_ASSIGNED TASK:_
All of the data below should be printed again exactly, pictures excluded.

_DATA BLOCK:_
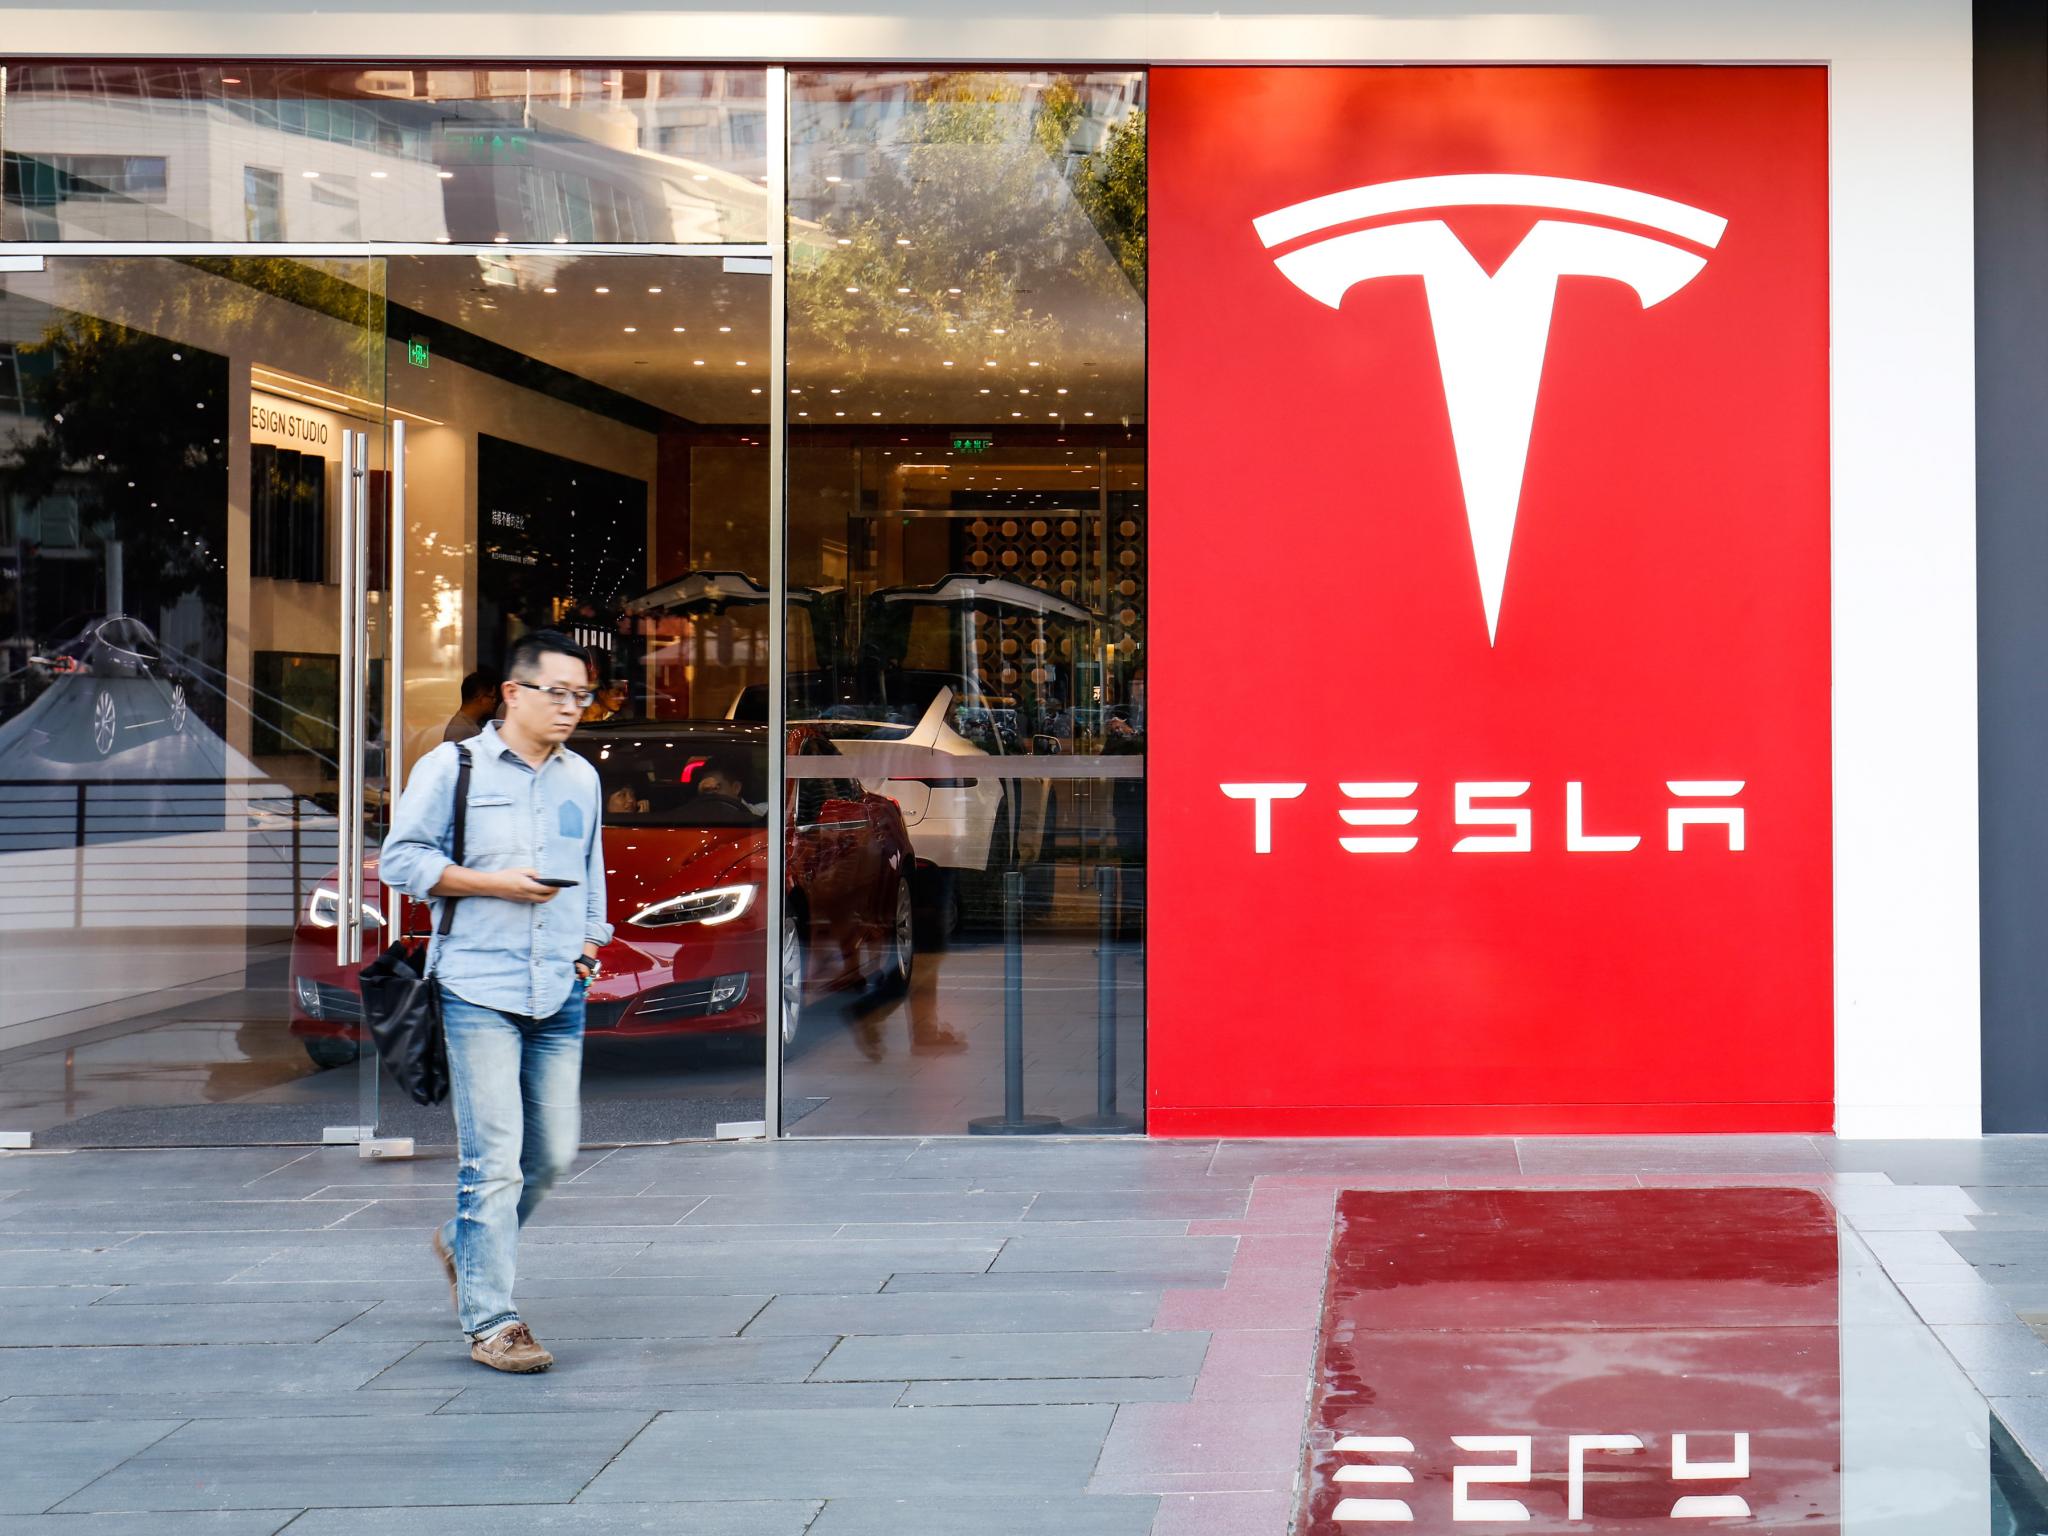  tesla-quickens-model-3-model-y-deliveries-again-in-china-heres-the-new-wait-period 
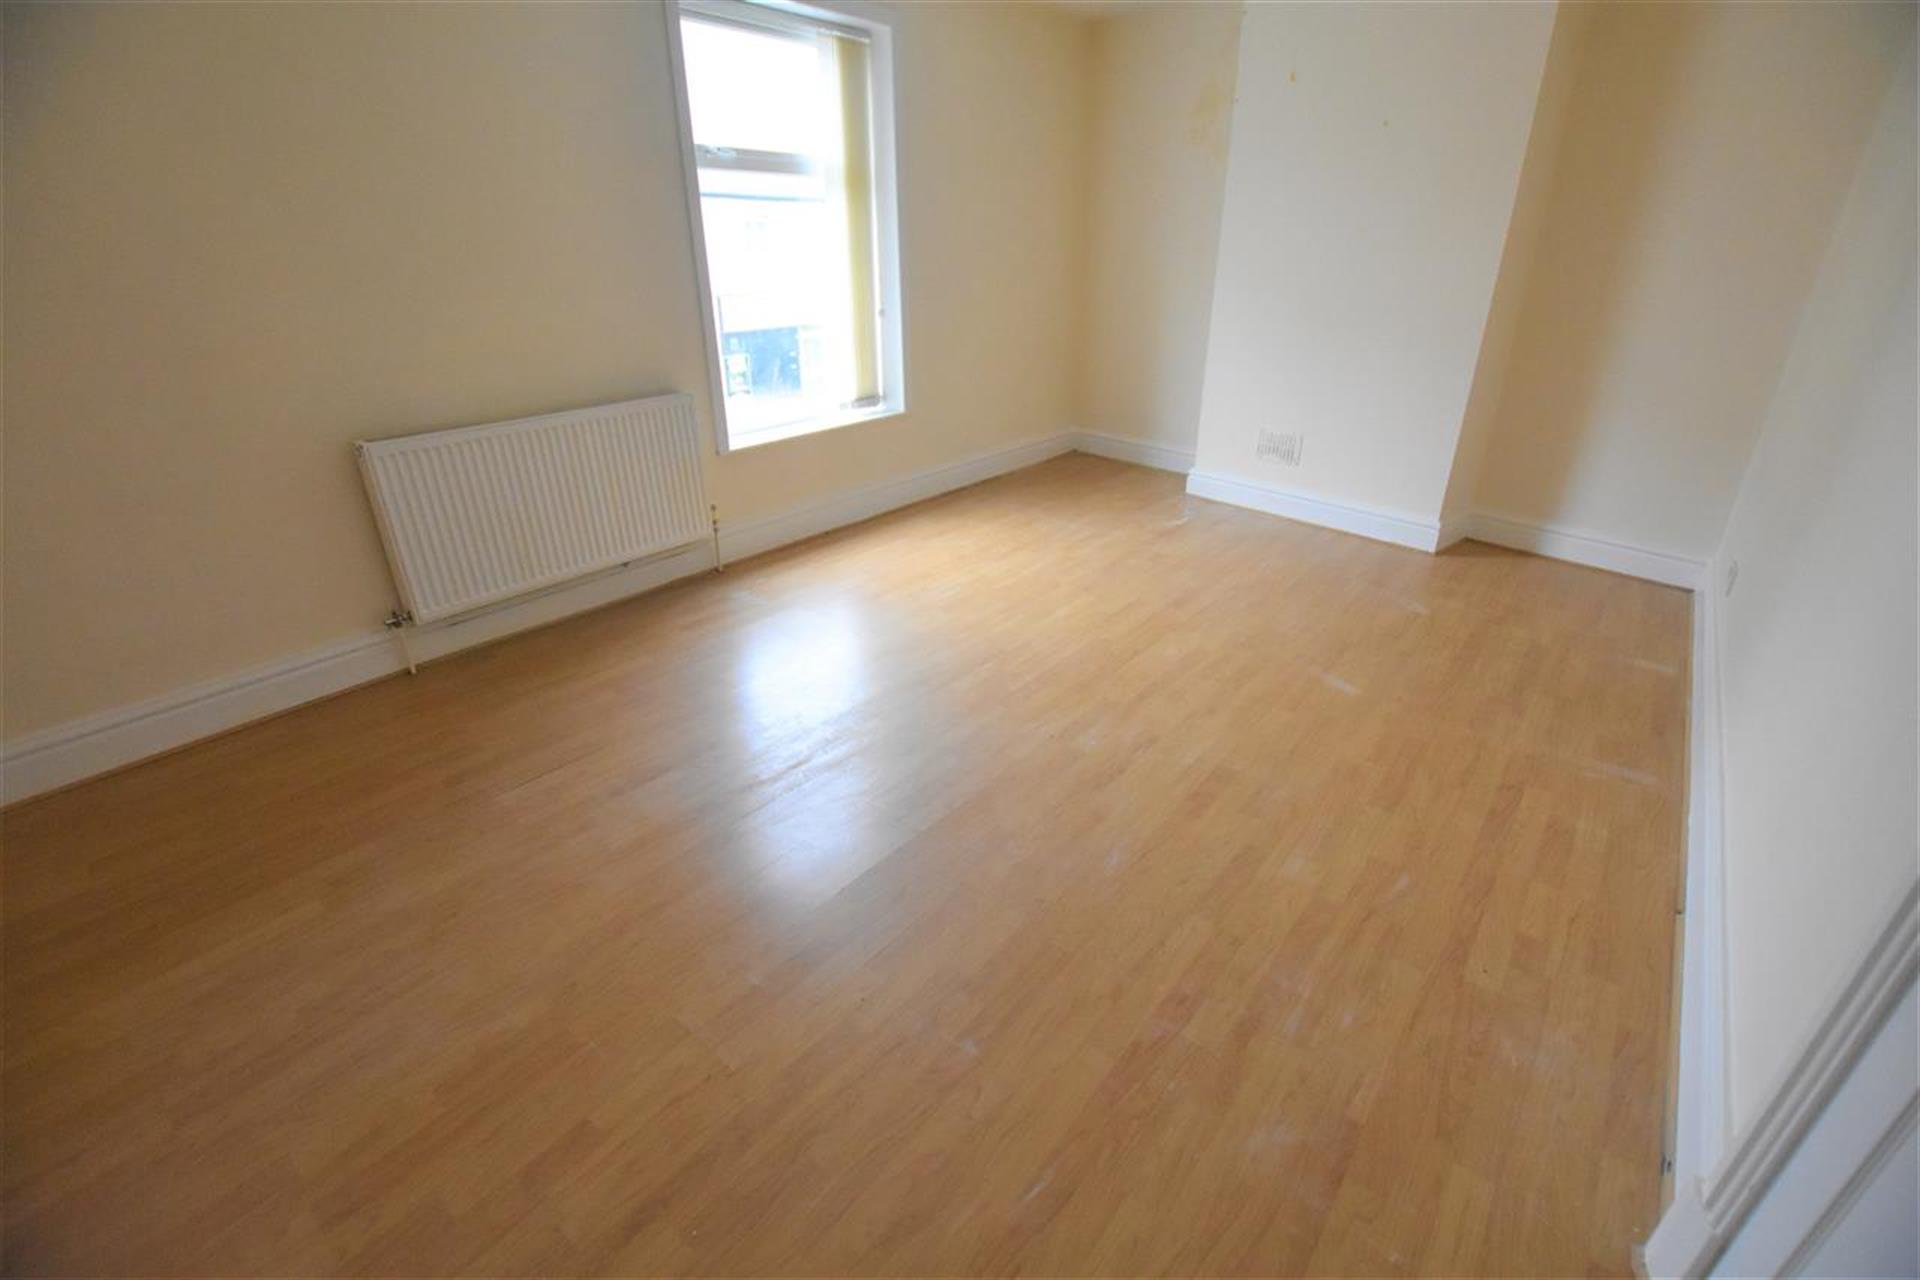 3 Bedroom End Terraced House To Rent - Master Bedroom
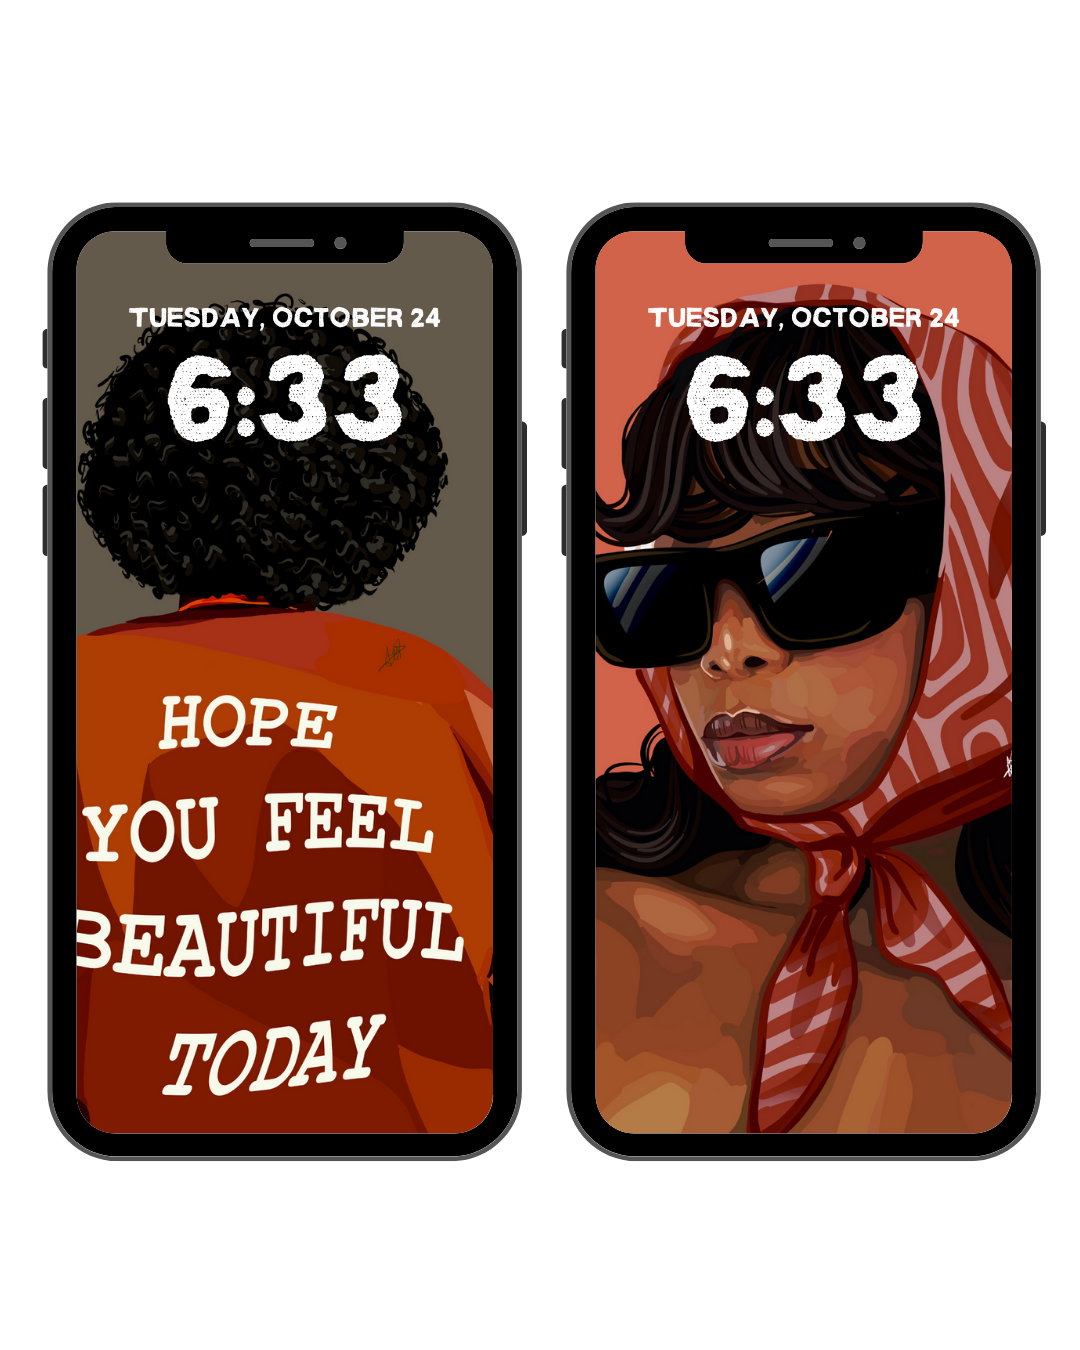 Double Pack #11 - Phone Screensaver

_ANSWER TO THE PROBLEM:_
  tesla-quickens-model-3-model-y-deliveries-again-in-china-heres-the-new-wait-period 
 3 Bedroom End Terraced House To Rent - Master Bedroom
 Double Pack #11 - Phone Screensaver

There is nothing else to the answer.